Make the RotomDex optional. This speaks for itself. The RotomDex was obnoxious, and is quite possibly one of the worst companion characters I’ve ever seen in a video game (far worse than Navi, for instance). I hate it. 
Don’t make Team Skull bad guys at all. The idea of having them appear to be criminals (or at the worst being punks) but actually having some heroic moments near the end was one that was kicked around a lot, and was also one that was shamefully wasted by making them cardboard caricatures of villains instead. Instead, it’d be much better if they were instead representative of the terrible CPS system / justice system in Alola (at one point a cop NPC mentions there being no crime despite crime being everywhere, showing how useless the police in Alola are), which could potentially be fuel for why people like Kukui and Nanu want a revolution, thus tying into that B Plot. It would also drive home a message about appearances being deceiving to have Team Skull actually be decent people despite being forced to sometimes steal food because they have none, whereas the Aether Foundation looks pristine but clearly isn’t. It’d certainly be more meaningful than the “they’re comic relief but also still Bad Guys™” message we were given instead.On that note, LET PLUMERIA PLAY AN ACTUAL ROLE, GOD DAMN IT, particularly with regards to Guzma teaming up with Lusamine (if he still acts as her grunt), and Plumeria being the one to confront him over it. If Plumeria is the aneki of Team Skull, let her act like it, and let us see her acting like it. I would have her stepping up and taking charge, the one truly in charge of Team Skull (and even Guzma tbh) because she has her shit together. I would also expand and build upon her relationship with Gladion, with whom she actually does have a good relationship with, so that he, too, had some support outside of Null / Silvally.

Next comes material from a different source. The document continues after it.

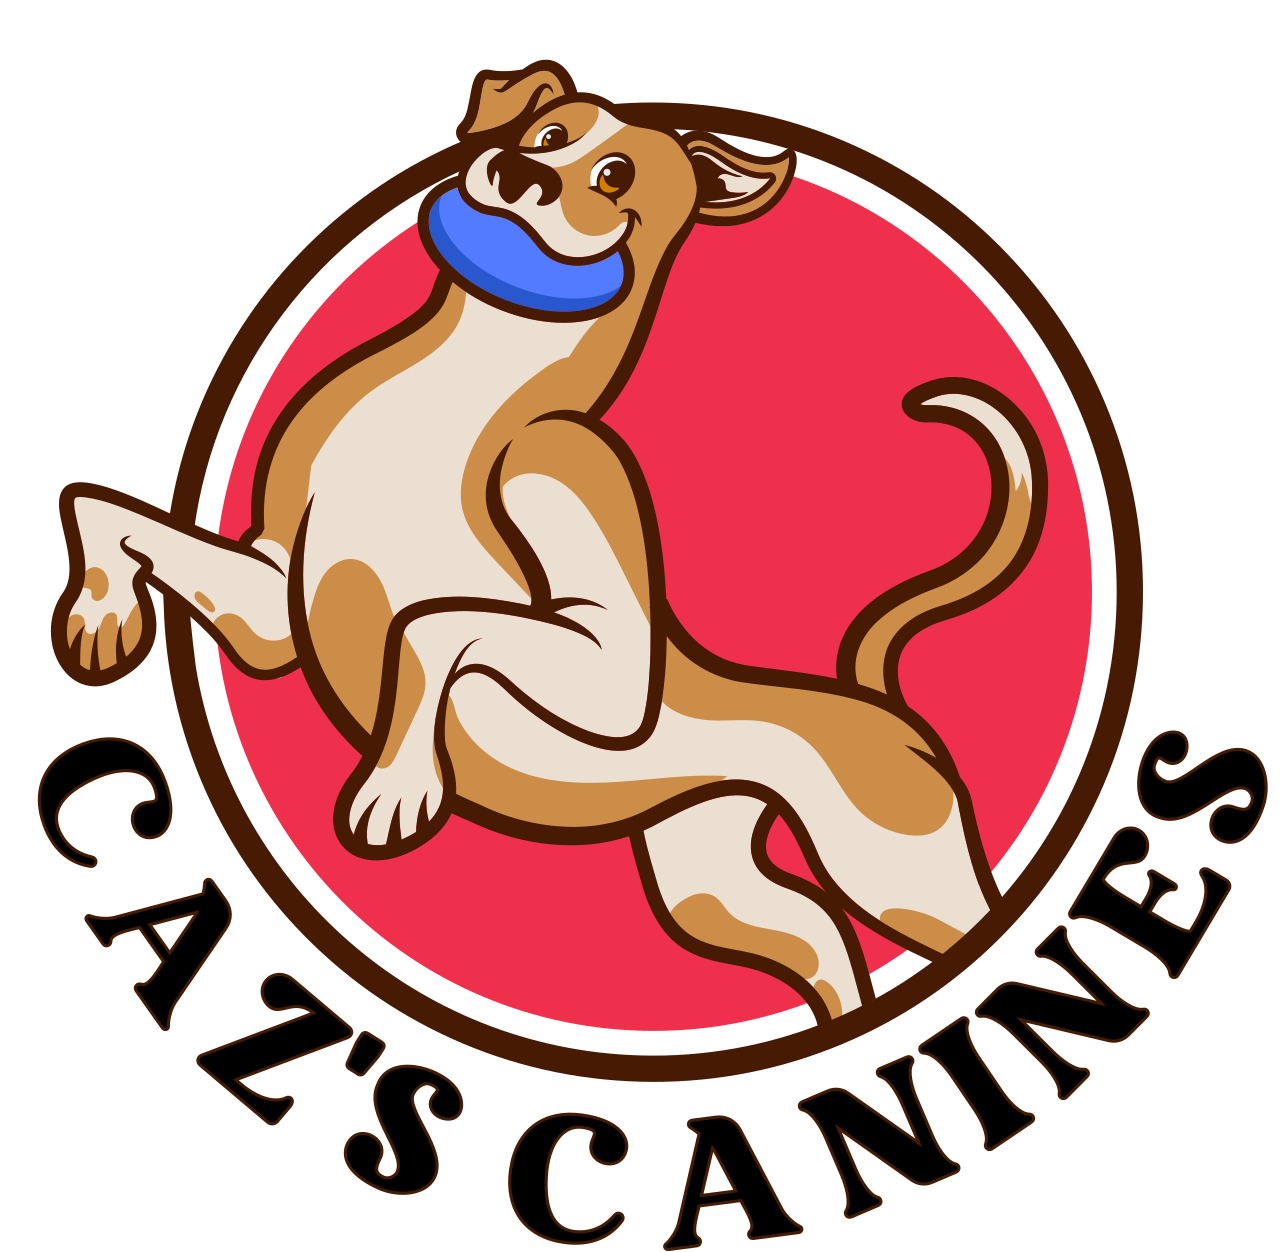 CAZ'S CANINES's logo

But more on that in a second.
Give Hau actual depth. The most we get out of him is that he has an inferiority complex, is a bit of a stepford smiler, and dislikes how much of a bully Gladion is to him (and thus dislikes Gladion—and yes, he did dislike him, complete with an D8 reaction whenever Gladion showed up, and their “reconciliation” was rushed af, so I don’t count it).  That’s not really enough, and Hau deserved better. If Kukui’s revolution B Plot was given more focus, inserting that conflict between Hala and Hau mentioned before could spur Hau to really find himself and his own motivations other than what was expected of him + his “having fun” excuse. He could also have his relationship with Lillie explored more, particularly since they were friends before the player character showed up and stole everything, meaning that he should have been more prominent as a support figure for her rather than being shoved to the side so that the player could do it instead (again, rather inexplicably). And as a final idea, perhaps he could be manipulated by Lusamine (whom he seemed to like in the games) into working for her, possibly even for Lillie’s sake (potentially) because he wants to help Lillie reconcile with her mother, + believes Lusamine is doing the right thing, + is potentially even trying to escape the brewing conflict between Kukui and Hala and figures that since the Aether Foundation is removed from it, joining up with them is a safe way to go. He doesn’t know that Lusamine is evil af, of course, and so he (rather like Alan in the anime) is completely manipulated into thinking he’s doing good—but that could spur his development along even more and make him a much more prominent and important character, which would be awesome considering the fact that he was another under-utilized character who, again, deserved better. There’s no reason why he can’t be involved in the plot from multiple angles so that he can exist as more than a simple rival, and I think that would be a good way do it.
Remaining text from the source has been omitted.